Matthew does a fine job here of laying out what I guess really is the obvious: change will come slowly in the US, the leader of the capitalist world where greed always comes first. Of course I'm an optimist.
"Summers is obviously a high paid call boy . . . "
Summers is a liar for hire.
"Look at Ann Coulter or Rush Limbaugh..."
Do you mean Man Coltface and Drug Limburger? Please, don't make us look at them!
>>How many of those people voted for George Wanker Bush, especially twice? And how do they feel now?
Quite frankly I expect that the same people who voted GW BUSH twice are blaming it all on "The Liberals" and would vote GW Bush a third time if they could.
A way to solve some of our financail woes: http://www.thoughts.com/index.php?_action=blog_view&id=211792&type=1
"great recession"! what a joke. we are in a breakdown process, the end term of which will make the chaos of places like iraq seem like a holiday. and this stage is not far away. our only hope is a broad movement which will prevent the rise of a corporatist solution, i.e., fascism, and bring control of the means of production into the hands of the society at large.
"he is wisely talking about repairing our infrastructure, sharing money with state governments, and initiating a green jobs program."
Clinton/Gore played that trick on us back in the 1990s and look what happened. There will be no environmental improvements until we suck all the oil dry.
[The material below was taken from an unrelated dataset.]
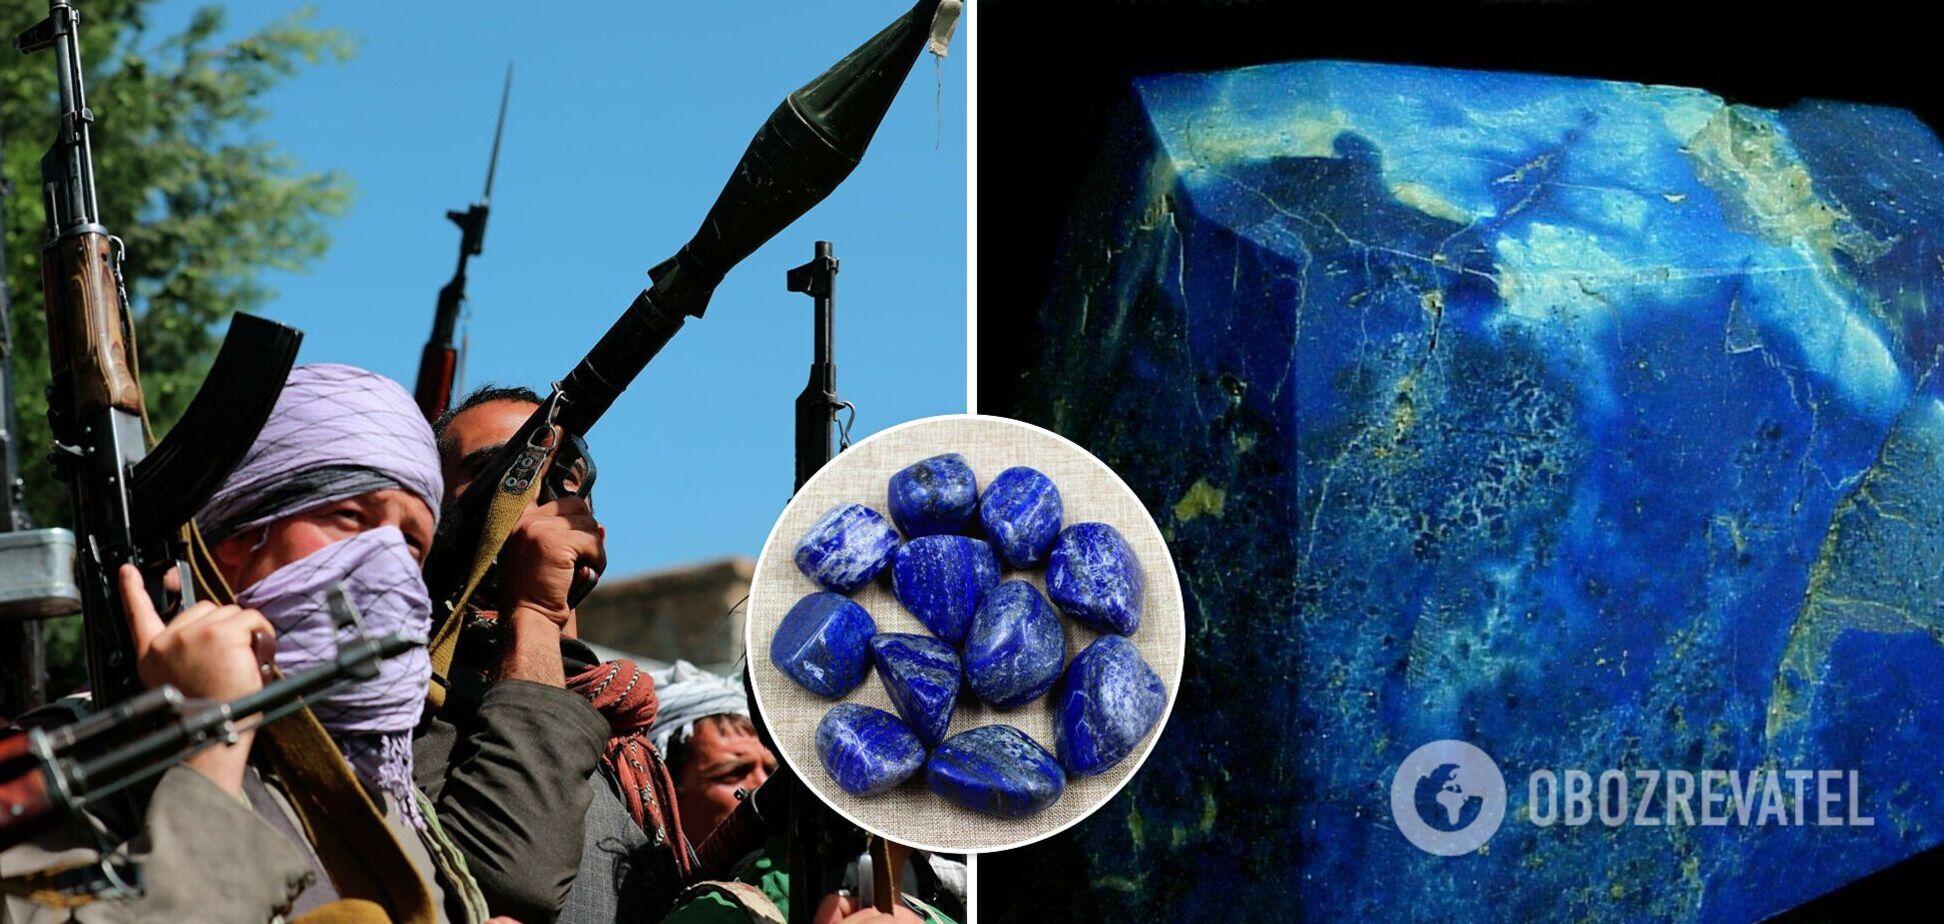 'Талибан' контролирует мировые запасы лазурита: что известно о 'лечебных кристаллах'
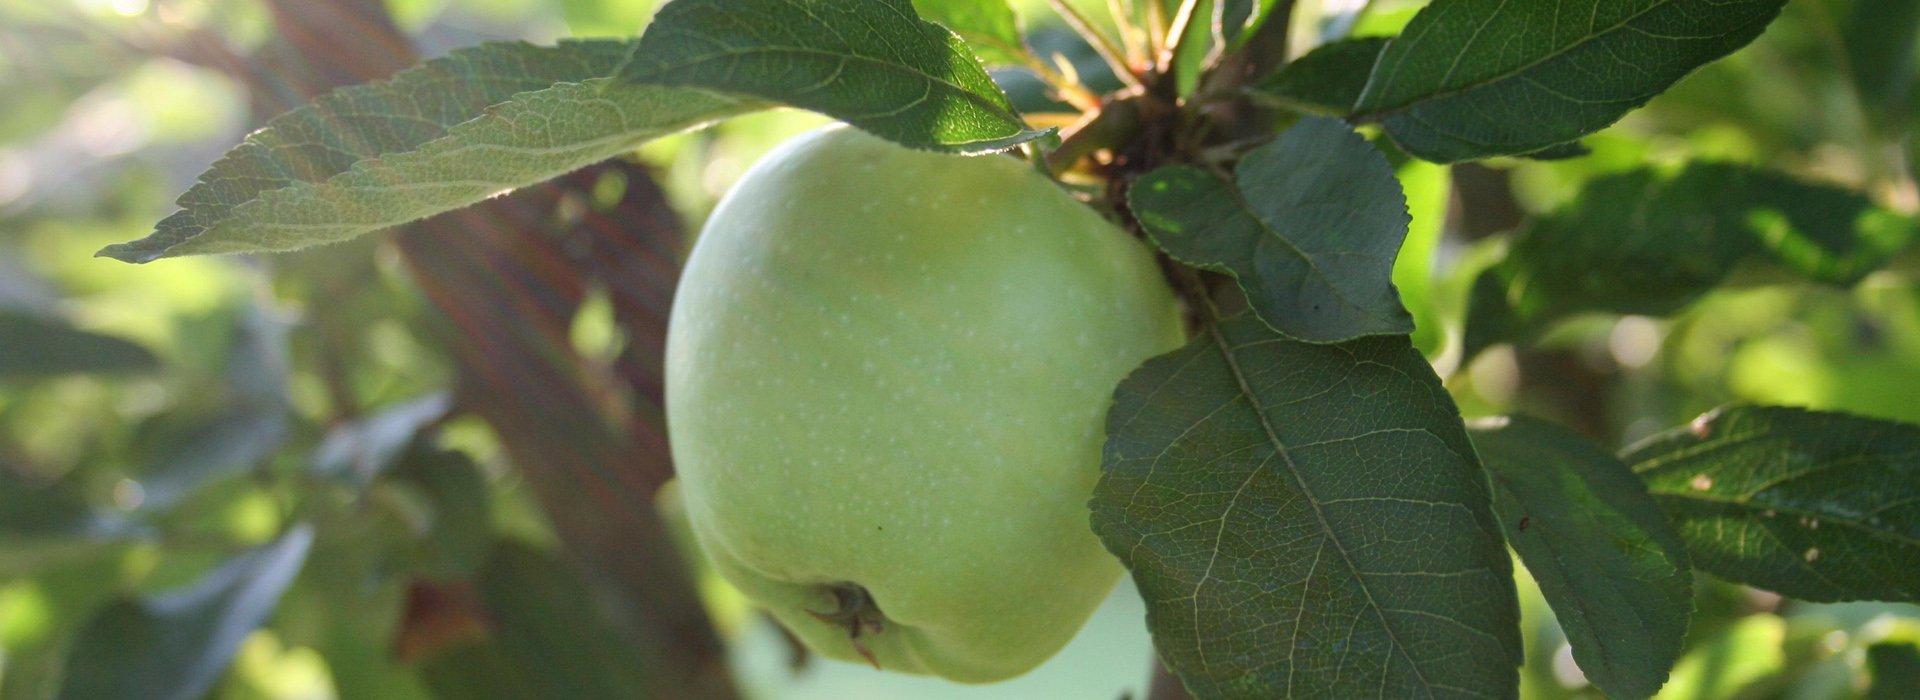 Immagine della mela verde

As for Obama's disturbing picks, try looking at his voting record during his senate tenure and prove to me that he's any different from Dubya.
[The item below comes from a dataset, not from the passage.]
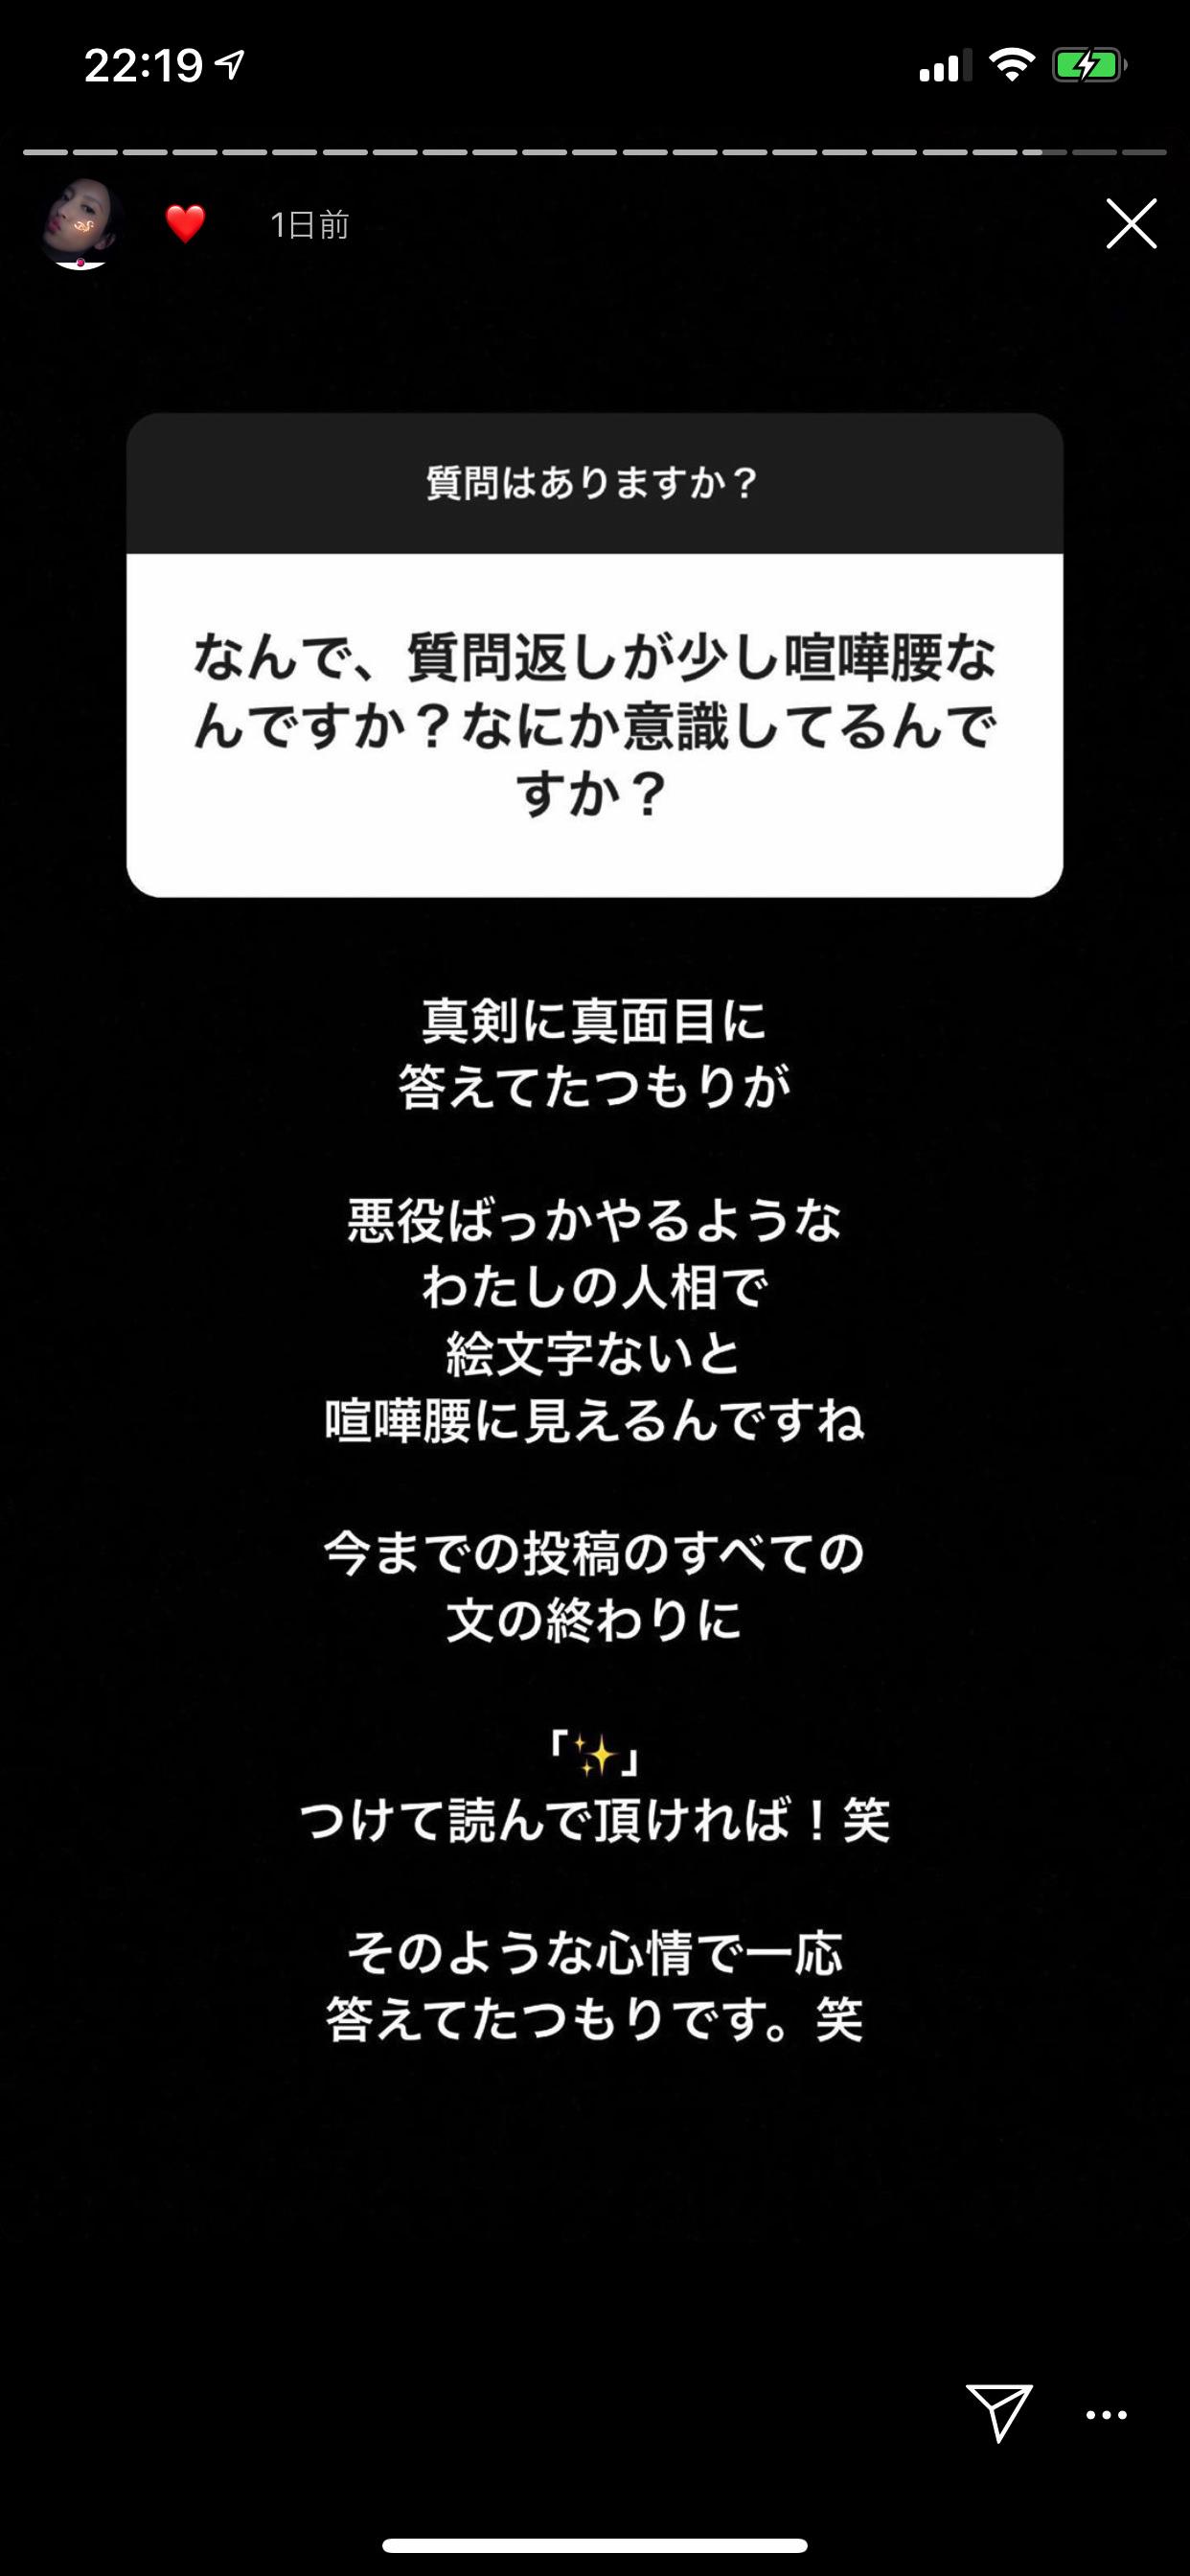 nanao-instagram-7

Obama is little more than an articulate George Bush, issuing the daily platitude.
-- ekaton aka d.k.shaw
You are absolutely correct, sir. Once all the oil is gone, so goes this horrible planet grinder called 'civilization' and many of us along with it. At least for the earth, that will be a great environmental improvement.
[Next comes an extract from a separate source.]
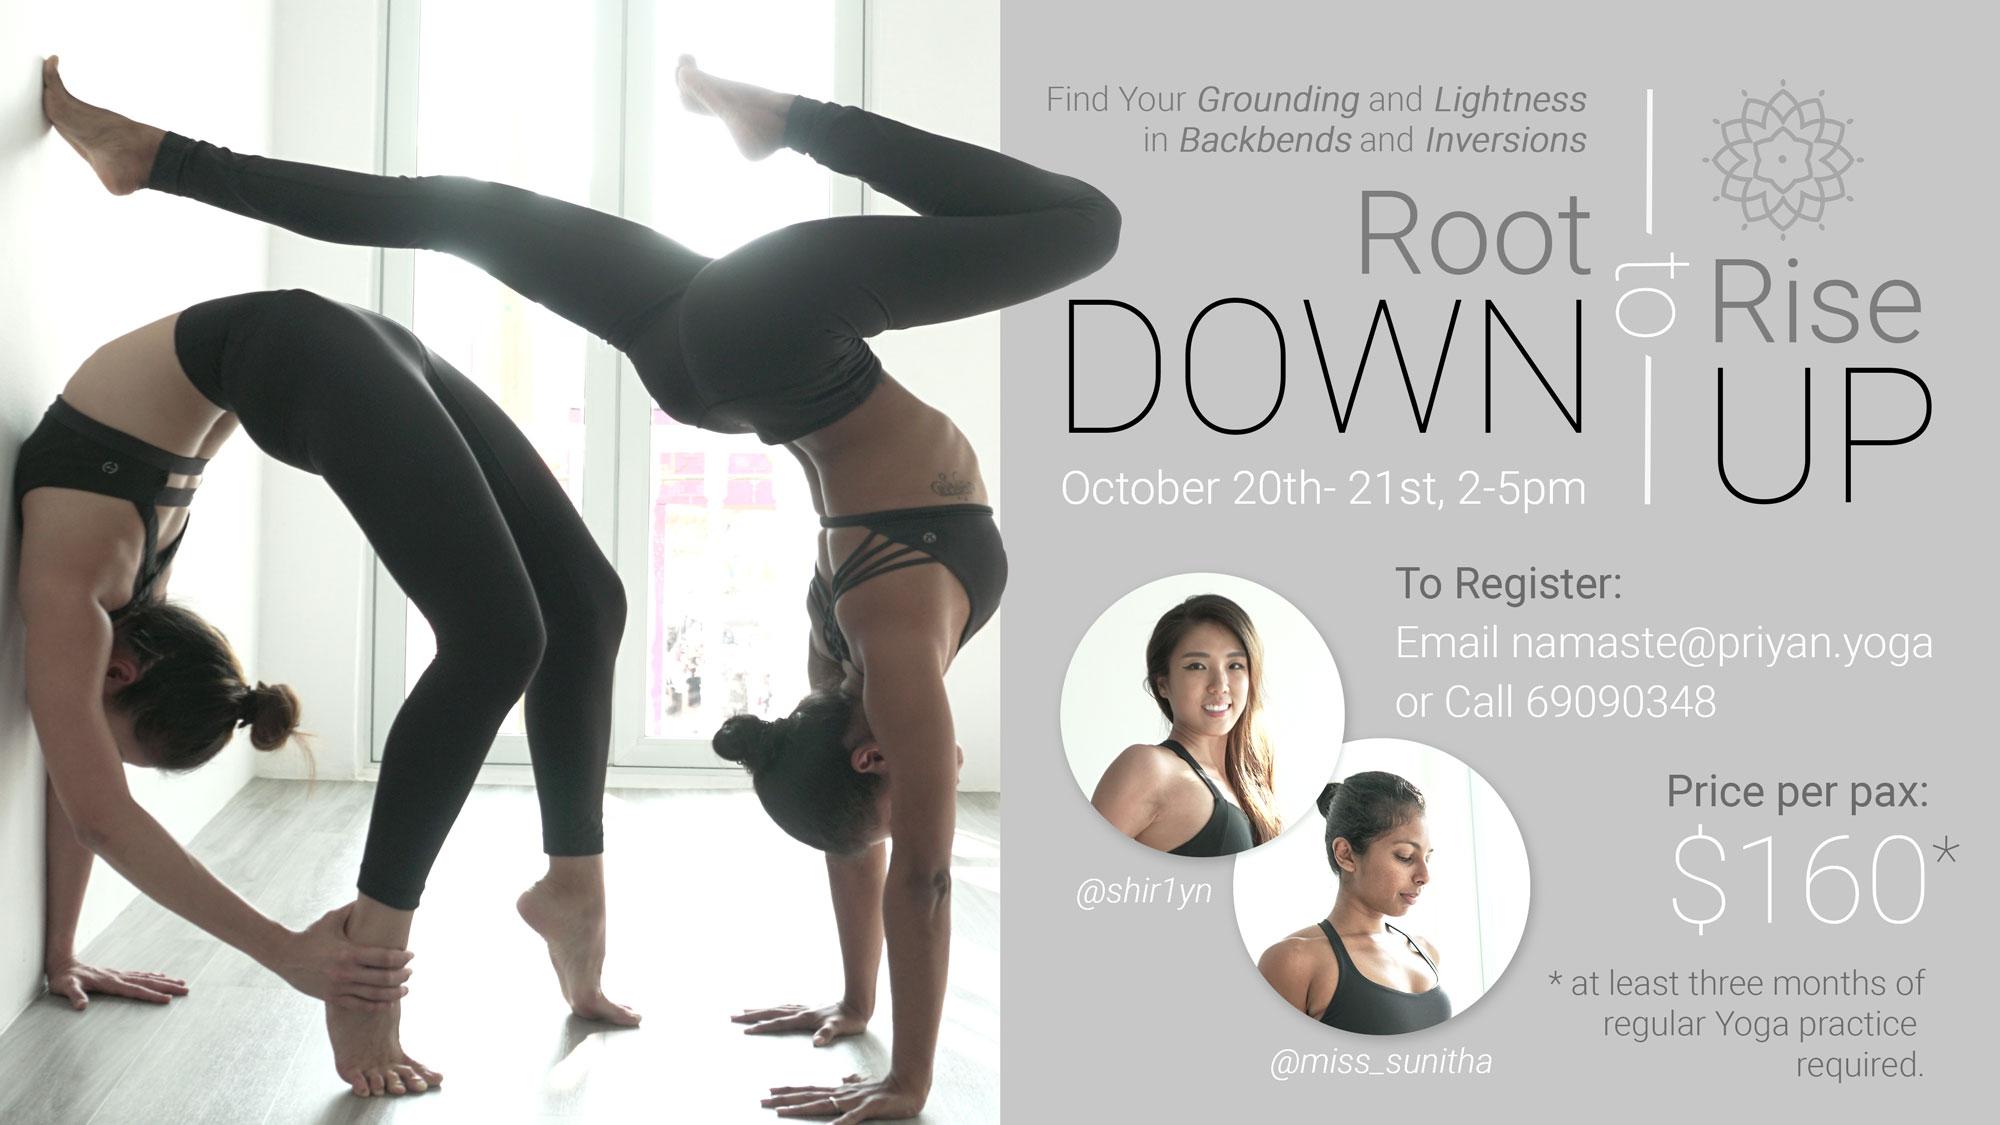 Root-Down-to-Rise-Up-Workshop-Nithya-Priyan.jpg

Obama or any of his ilk can do nothing to disturb nor shock me. When you look at the premises that support this whole thing you understand that, once 'Joe Six-Pack' is starving, scared and fearful, it will be too late to fix anything.
The so-called developing world has been our canary in a cage. We've sat back and watched the CIA, IMF and USA supported local dictators as they starved, tortured, raped, murdered and completely devastated their landbases and people in their charge. We did nothing as long as good ol' Unca Sam kept the goodies coming.
When all of the repercussions of this finally arrives at Joe Six-Pack's door, nothing can nor will be done for him. Just as our compatriots who's 'resources' the US government paid good money to have stolen by proxy, who's lands have been destroyed in order to give us tomatoes in winter, and whose blood the US government has spilled to defend the right of corporate pillaging, so too will we fall.
"Power concedes nothing without a demand. It never did and it never will." -- Frederick Douglass
There is a reason why pure capitalism has never existed. Capitalism is very volatile. Everytime strict controls have been taken off of capitalism, it blows up; always has, always will.
Economists = Mammon's lawyers.
Recession in deed! Depression, in reality. Tonight's 60 Minutes spelled it out for J.Q.P.: events like Enron brought us, gambling like the markets brought us, oil futures which made millions for many of the big guys we have been bailing out! Capitalism does not work as touted; we need, the country needs, to nationalize such as oil, health care, transportation, infrastructure, education K through graduate school, medicine, engineering etc. Doctors, must not start practices as indebted paupers, teachers need to be skillfully trained to be skilled, and course work and content must be made broad and exciting. All good elements should join to help take all people to the world we can envision, one which belongs to all people on earth.